CS Fallback Call Control Procedures - Mobile Originating Call:

To originate a voice call using the CS Fallback function, a mobile terminal in the LTE location registration area must first switch (fall back) to 3G. The mobile-originating voice call procedure is shown in Figure 5. To originate a call, the mobile terminal begins by sending a CS fallback service request message to the MME (Fig. 5 (1)). Since a packet-communications transmission path (bearer) must always exist in EPC for the purpose of providing an always-on connection, the bearer also has to be handed over to 3G. To accomplish this, the MME issues a handover command to the mobile terminal in LTE and initiates a handover procedure (Fig. 5 (2)). The mobile terminal changes its radio from LTE to 3G during this procedure (Fig. 5 (3)). On completion of handover, the mobile terminal issues an originating request for voice service to the MSC/VLR. A voice-call connection is then established using an existing calloriginating procedure on 3G and the CS Fallback procedure is completed (Fig. 5(4)).

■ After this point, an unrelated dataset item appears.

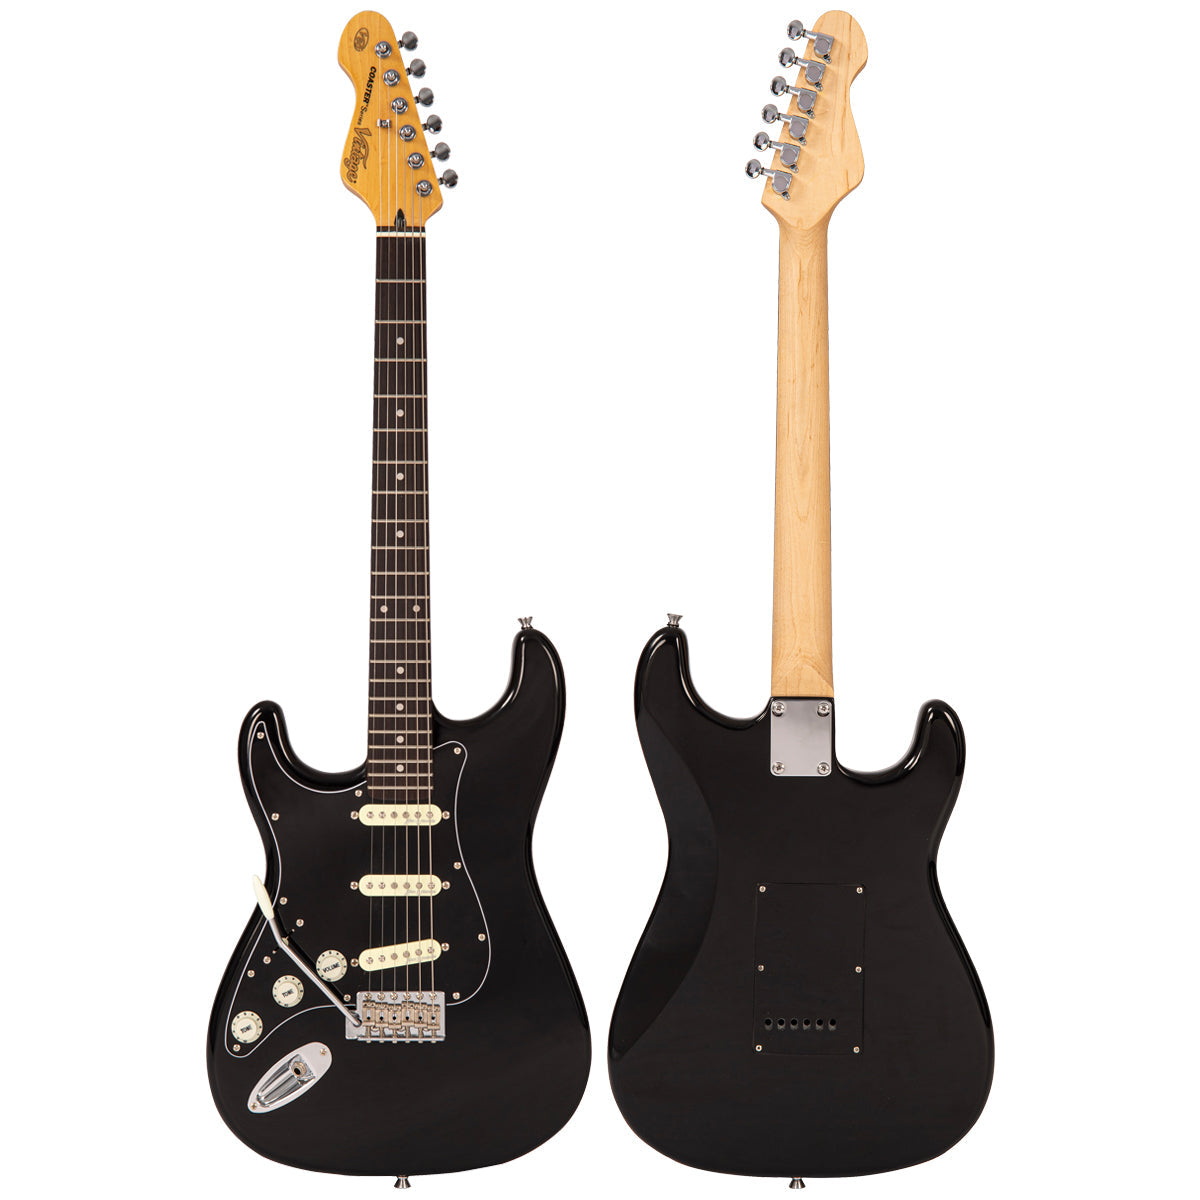 Vintage V60 Coaster Series Electric Guitar ~ Left Hand Boulevard Black, Left Hand Electric Guitars for sale at Richards Guitars.

CS Fallback Call Control Procedures - Mobile Terminating Call:

The mobile terminating voice call procedure using CS Fallback is shown in Figure 6. When the MSC/VLR receives a message indicating the occurrence of a mobile terminating call (Fig. 6 (1)), the MSC/VLR identifies the corresponding MME from the call information received (Fig. 6 (2)). Then, the MSC/VLR sends a paging message (Fig. 6 (3)) towards towards the MME. Next, the MME sends a paging message to the mobile terminal in LTE (Fig. 6 (4)). This paging message includes an indication that the call is a CS service, and on identifying the call as such, the mobile terminal sends a CS fallback service request signal to the MME (Fig. 6 (5)). Following this, a handover procedure to 3G as described above takes place (Fig. 6 (6), (7)). The mobile terminal that is now switched to 3G sends a paging response message to the MSC/VLR at which it is registered (Fig. 6 (8)). Finally, an existing mobile terminating call procedure on 3G is executed and the CS Fallback procedure is completed (Fig. 6 (9)).